Как хорош воздух! Как зеленеет трава! Какими прекрасными трелями птицы встречают обновление жизни, и как на ветерке молодые побеги с едва вскрывшимися почками кивают друг другу в невинном восхищении!

Мэри ощущала этот неизменно возвращающийся зов природы и находила ответный голос в своей душе. В первые несколько месяцев после свадьбы, подавленная холодностью Ханли и уставшая от праздных развлечений, которые так радовали ее раньше, она иногда задавалась вопросом, для чего же появилась на свет. Теперь Мэри знала ответ.

Сидя у распахнутого окна за вышиванием крошечного платьица, предназначавшегося явно не для нее, Мэри мечтательно закрыла глаза, чтобы утаить от внешнего мира волну тонких эмоций, нахлынувшую на нее.

Мэри, как испорченный ребенок, которым и была когда-то, пыталась теперь сама управлять своей жизнью.

Маленькая одежда, разбросанная вокруг в восхитительном беспорядке, уже вся была оторочена синим. Синие ленты нынче в моде в Бертоне, а Мэри была модницей.

Она даже вышила имя на маленьких наволочках, надежно спрятанных в комоде. Имя было Дороти.

Ханли — я чуть не сказал «бедный Ханли», — продолжая придерживаться своего безукоризненного безразличия, испытывал при этом некоторые трудности. Даже больше: он находился на грани того, чтобы вообще расстаться с собственными принципами. Когда вечером он возвращался домой и находил Мэри за ее бесконечным делом любви, когда он видел взгляд, исполненный невыразимой нежности, которым она неизменно встречала каждое малейшее выражение осознания им надвигающегося события, Томасу хотелось обнять ее и не отпускать уже никогда.

Но привычки, вырабатываемые целую жизнь, отбросить не так легко, особенно когда они укреплялись всей силой упрямой воли. Ханли заставлял себя довольствоваться тем, что окружал жену исключительными удобствами и заботой, и был действительно уверен, что поступает правильно. Он всегда считал собственный разум полностью самодостаточным, и не мог представить себе существование души, требовавшей чего-то иного.

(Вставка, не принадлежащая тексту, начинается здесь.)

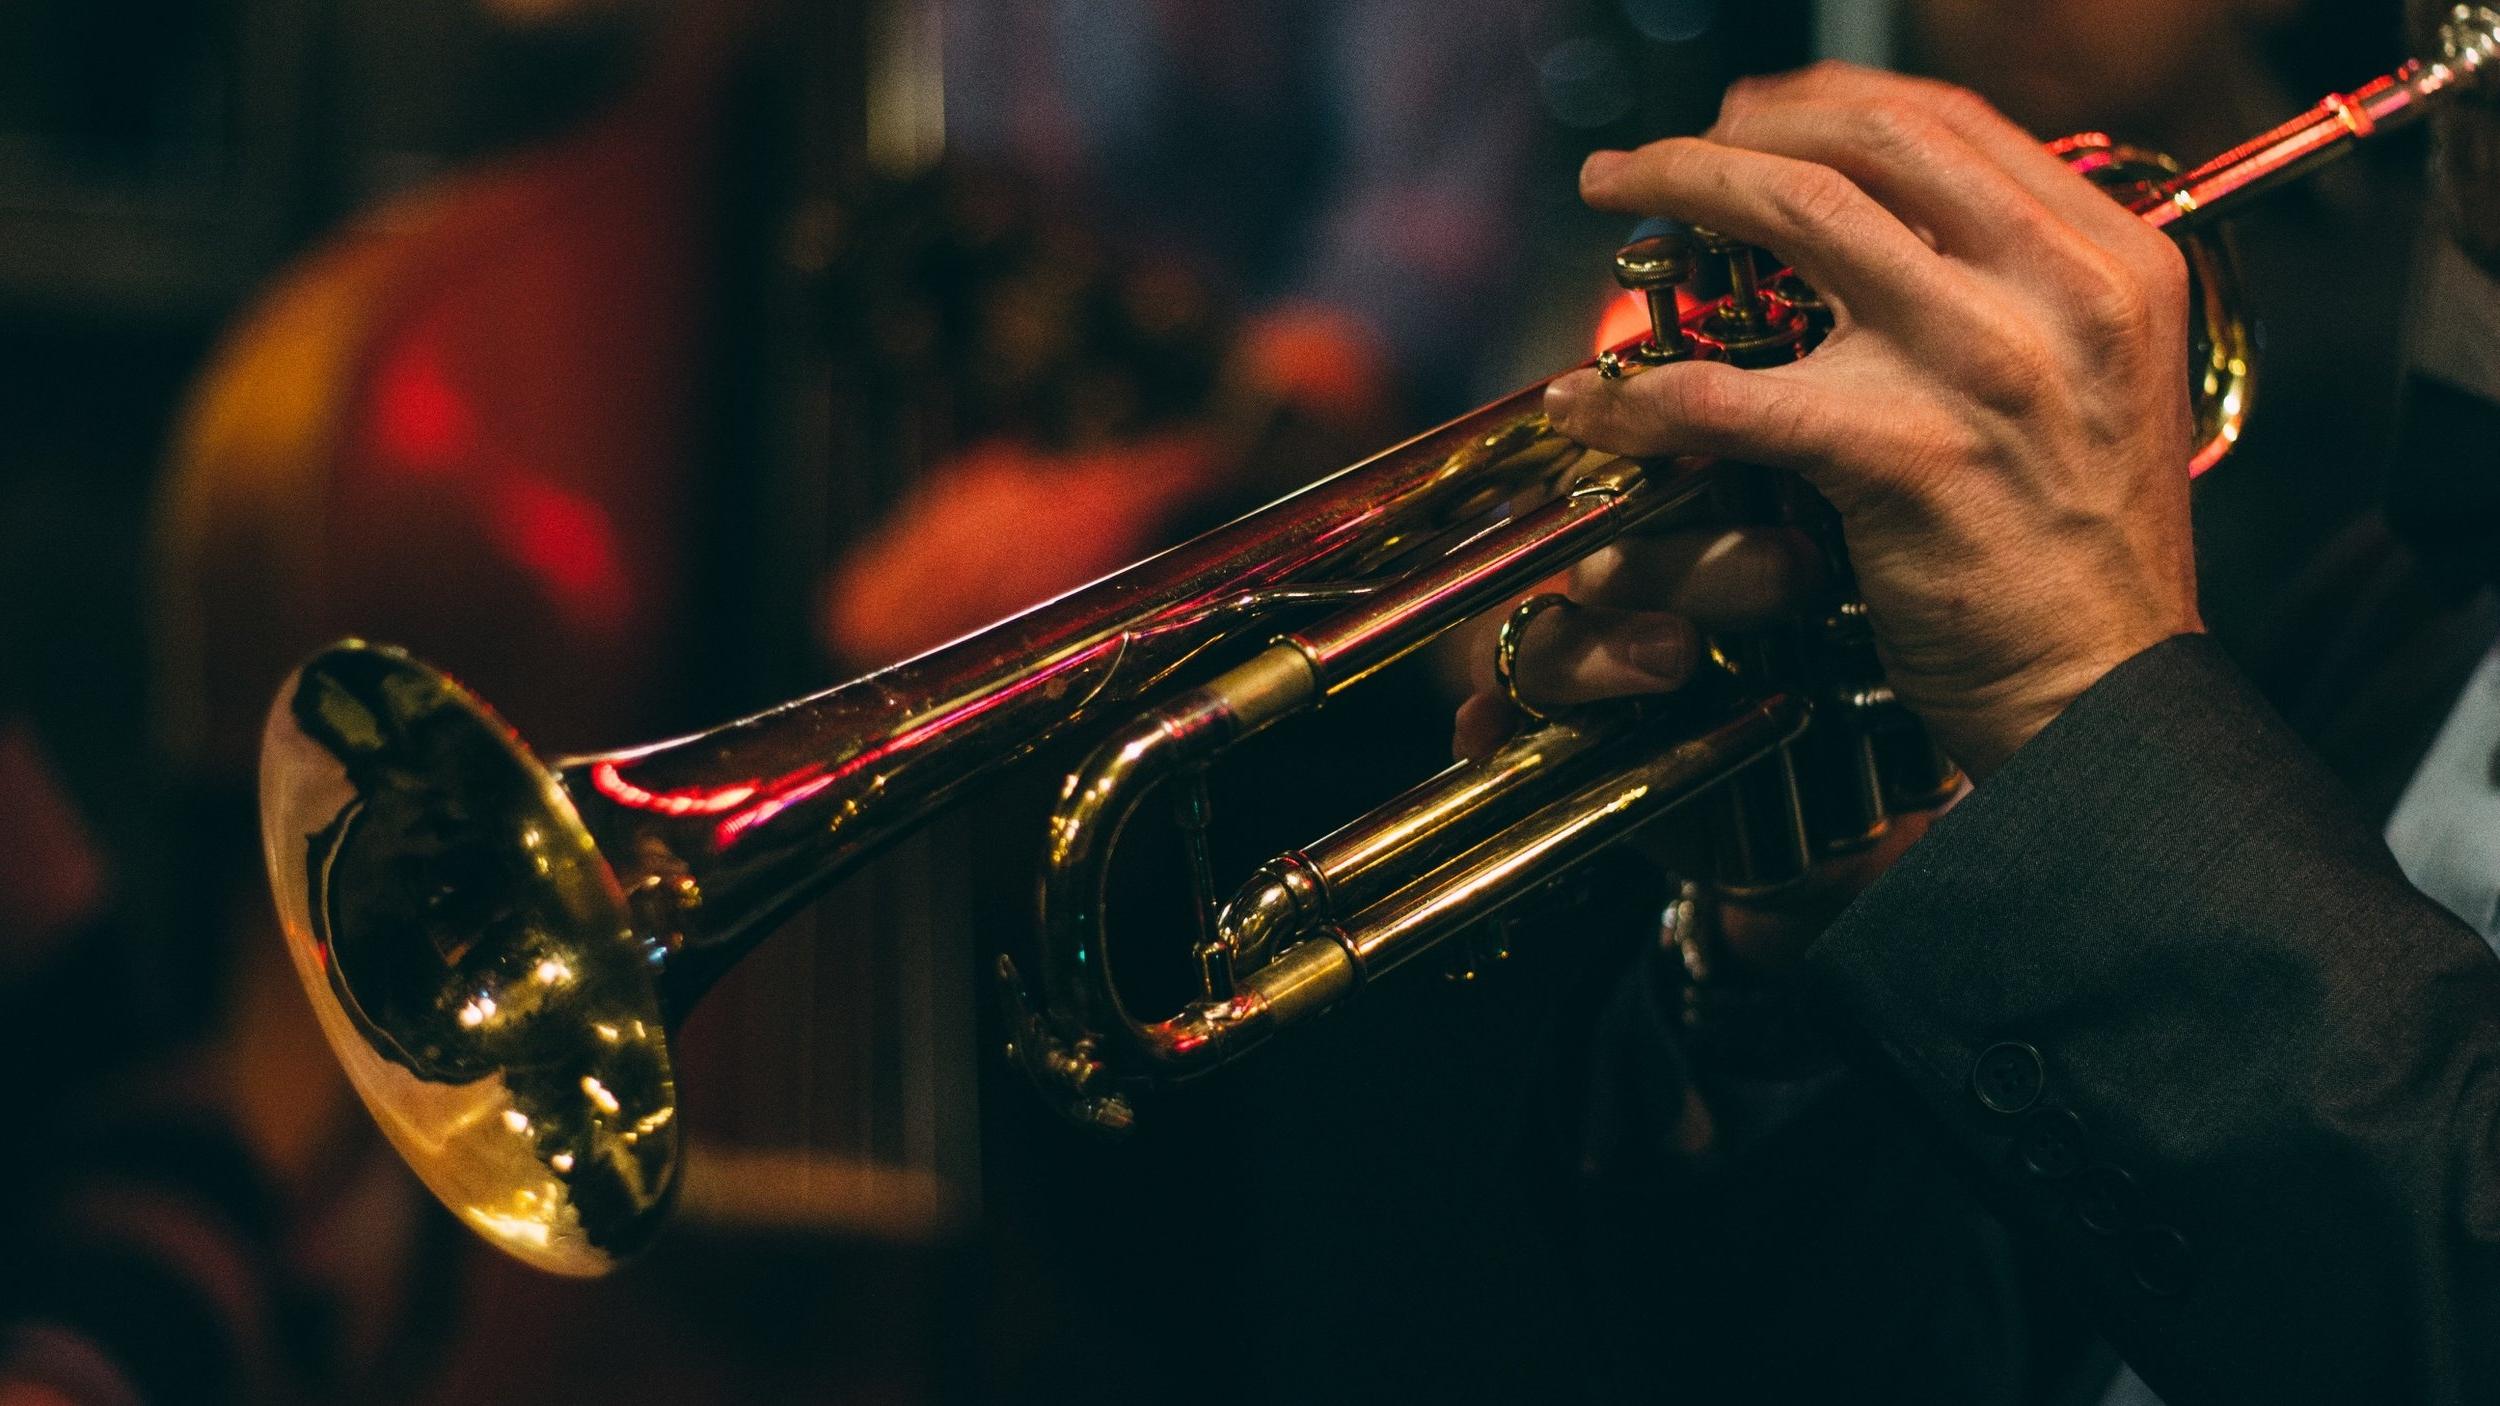 Traditional New Orlean Jazz Performances (Photo: Chris Bair)
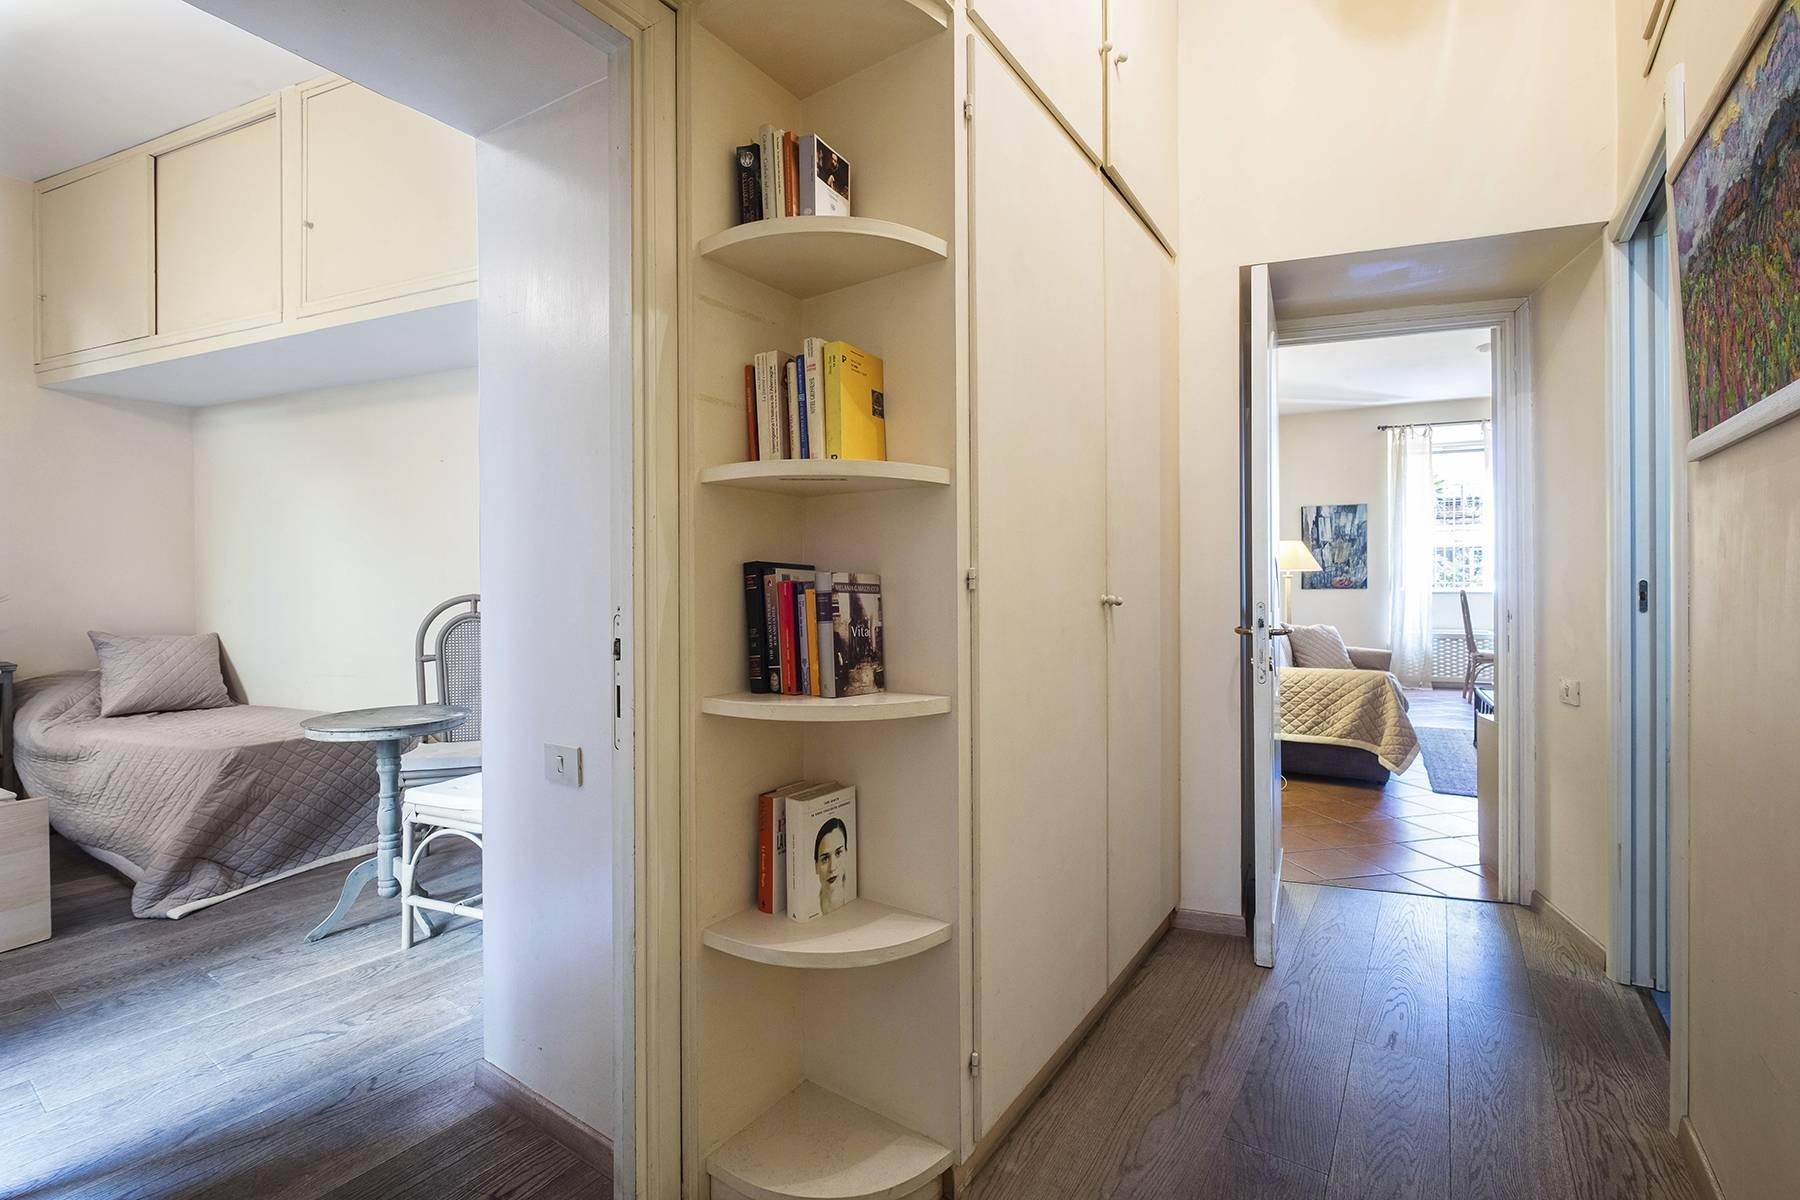 Affascinante appartamento a due passi dal Palatino - 13

Иногда Ханли раздражала настойчивость Мэри в том, что казалось ему детским капризом.

Хотя он и избегал любых дальнейших разговоров на спорную тему, не мог понять, почему жена думала, что это не будет сын, который стал бы наследником и увековечил бы имя и дело Ханли. Много раз, сталкиваясь с тем или иным проявлением собственного мнения Мэри по данному поводу, он с трудом удерживал язык за зубами.

Событие, которого они оба так ждали — Мэри с простым, нежным нетерпением, Ханли с внешней прохладцей, — все-таки подоспело неожиданно и почти без предупреждения. Это случилось одним июньским вечером. Ханли после на редкость тяжелого рабочего дня пришел рано и, что было в порядке вещей, тут же улегся спать.

Разбуженный служанкой, он услышал за дверью встревоженные голоса.

— Что там? — спросил он в полусне.

— Миссис Ханли звала вас, — ответили ему.

Ханли привстал.

— Это?..

— Да.

Служанка торопливо вышла, и Ханли, одевшись так быстро, как только сумел, последовал за ней. В коридоре он обнаружил кухарку и прачку, возбужденно перешептывавшихся в углу. Везде горел свет. Дверь в комнату Мэри была открыта.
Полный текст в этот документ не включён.